Тогда, онемев от страданий и боли, я не знал, что исход войны уже предрешен. Для всех: для нас, для немцев, для меня лично. Я не мог себе представить ни Сталинградской битвы с ее тысячами окоченевших фашистов, разбитыми «юнкерсами», бесконечными вереницами тянущихся к нам в Заволжье пленных, ни схлестнувшихся в яростном порыве советских и гитлеровских танковых армад на Курской дуге, ни того, что мой удачливый школьный приятель Порфирий Саввич Курашкевич дойдет до финала величайшей из войн. Пока я знал только одно: Порфирию удалось обогнать меня в беспощадном военном марафоне. Я лежу здесь, в моем теле постепенно угасает жизнь, вокруг — истощенные, умирающие люди. А он, майор Курашкевич, перетянутый тугими ремнями, с аккуратной кобурой на боку, уже далеко-далеко отсюда. Мчит по пыльной дороге на «эмке», весело шлет взмахом руки приветы девчатам-регулировщицам и зорко следит за небом, где из-за каждой тучки может выскочить «мессершмитт». Да что ему «мессеры»! За таким смерть не угонится. Он будет жить, он выскочит из любой передряги.

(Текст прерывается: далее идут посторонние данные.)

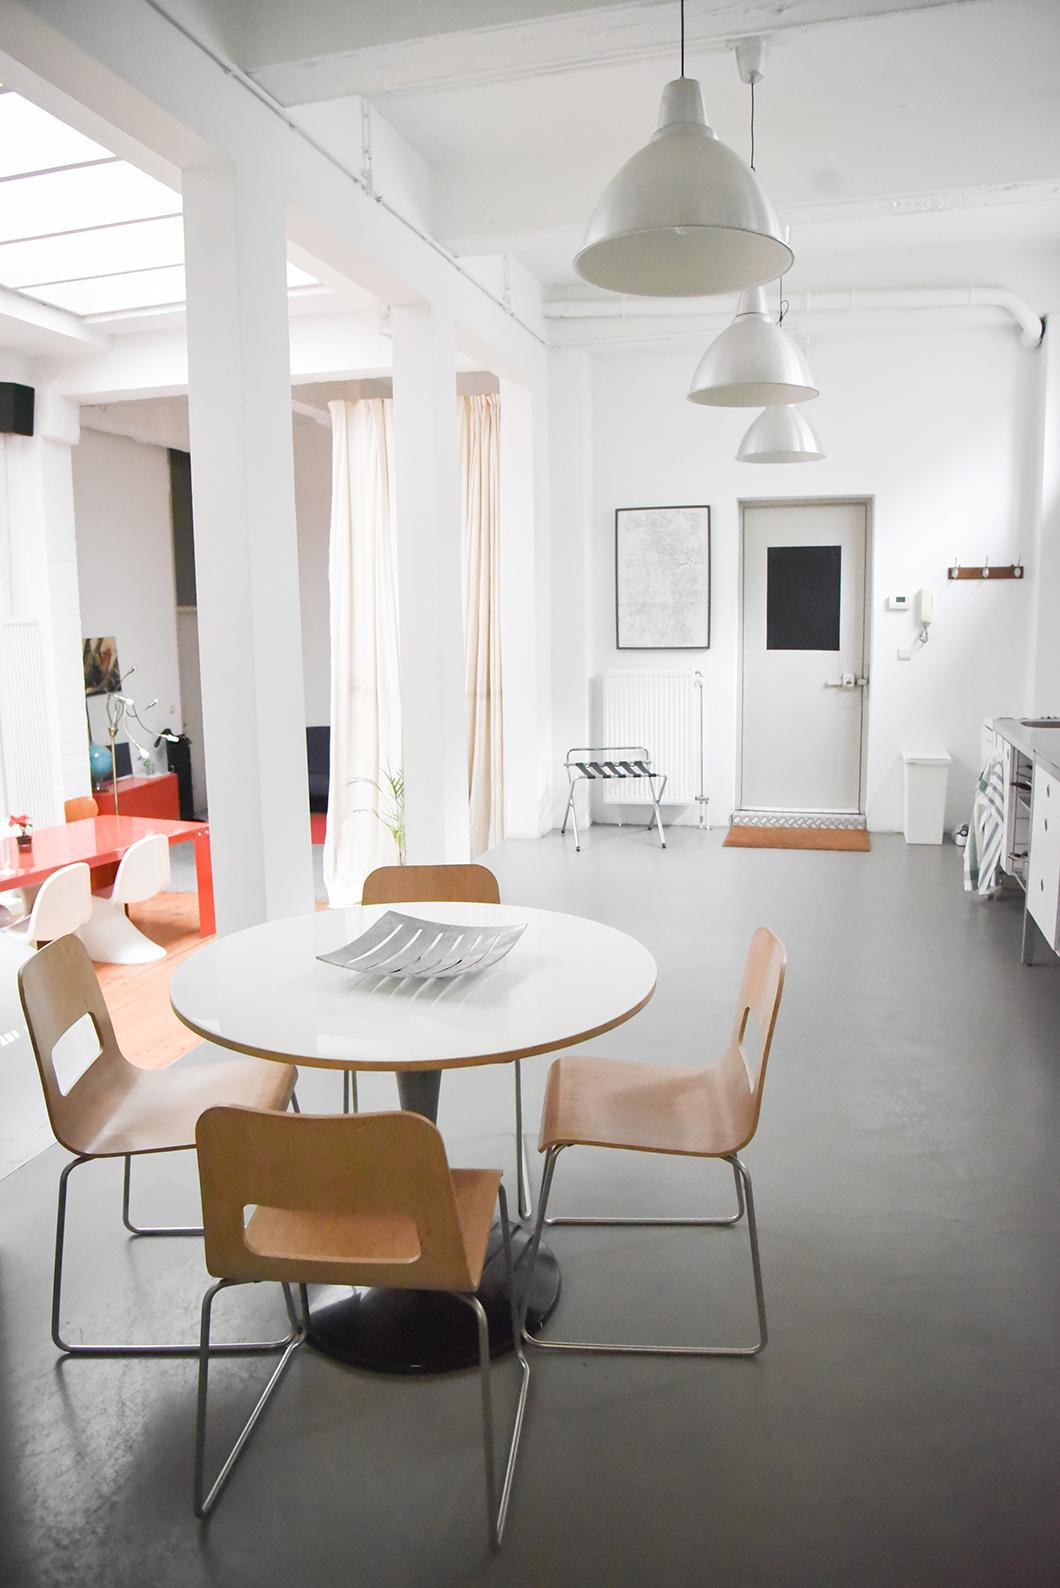 Où dormir lors d'un week end à Bruxelles ? Notre airbnb

Третий день нам не дают ни есть, ни пить, никто не заглядывает в церквушку, слышен только ленивый разговор часовых, да и те, видно, расположились поодаль, совершенно забыв о нас, полагая, что здесь уже давно нет никого в живых… Я прикидываю последний шанс, еще пытаюсь найти лазейку, как-то выбраться отсюда.
За витражными окнами едва брезжит рассвет. Ни шороха, ни звука. Хоть бы дотянуться до окошка…

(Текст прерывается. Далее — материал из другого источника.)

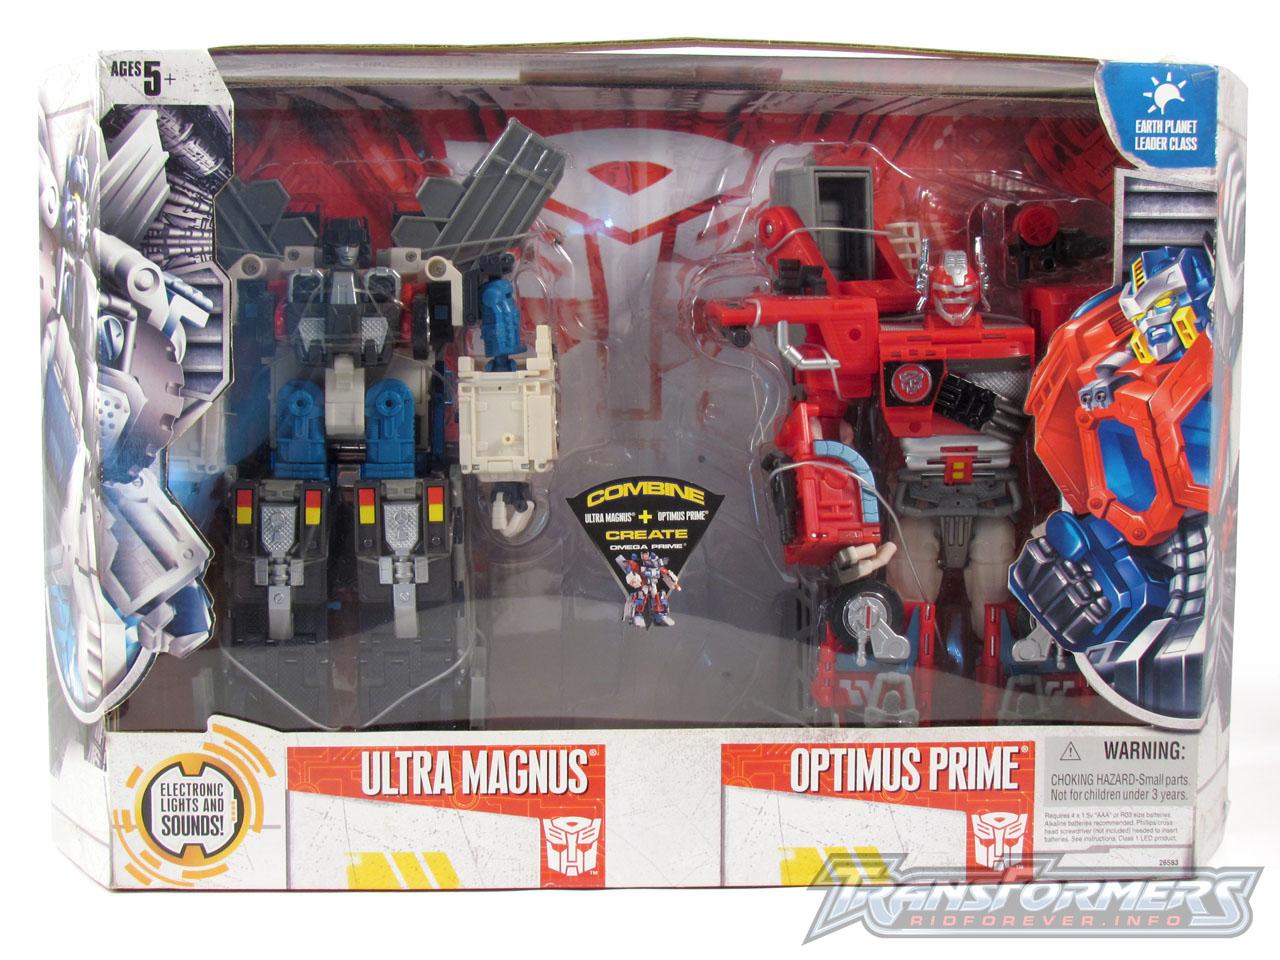 Cybertron Omega Prime 001

И вдруг — звон разбиваемого стекла. В окне пулеметное дуло. Холодная, короткая, как судорога, мысль: смерть! Нас будут убивать!..
Грохот пулеметной пальбы. Я падаю ничком. Пули секут по телам, сбивают со стен штукатурку. В разрывах гранат тонут жалкие, как детский плач, крики о помощи… Я поднимаюсь. Это какое-то чудо, что ни один осколок, ни одна пуля не поразили меня… В церкви клубится ядовитый дым, по деревянным стенам рвутся языки пламени. Прямо перед собой я различаю вырванные взрывом двери, там свет, воздух… А вокруг — неподвижные тела, шинели, обмотки, сапоги, вскинутые руки, выпученные в предсмертном ужасе глаза… Стою, еще не осознав того, что здесь произошло. Даже сейчас, через сорок лет, этот кошмар будит меня среди ночи… Нас расстреливали из окон, добивали гранатами, измученных, еле живых узников. Потом подожгли.
Крыша рухнула, взметнув столб огня и дыма. Но за миг до этого я вышел наружу…
Я вижу перед собой зеленые шинели фашистов, один из них приближается ко мне с поднятым автоматом. Он смотрит на меня с интересом. «Когда нажмет спусковой крючок, я не услышу выстрела…» Я еще успеваю удивиться: неужели сейчас все оборвется? Почему не стреляет? И только тут слышу: «Найн! Найн!» Это кричит солдату офицер, стоящий поодаль среди других, спокойно наблюдающих за пожаром. Солдат толкает меня дулом автомата к группе офицеров возле сарая.
Я вижу знакомое лицо. Где же я встречал его?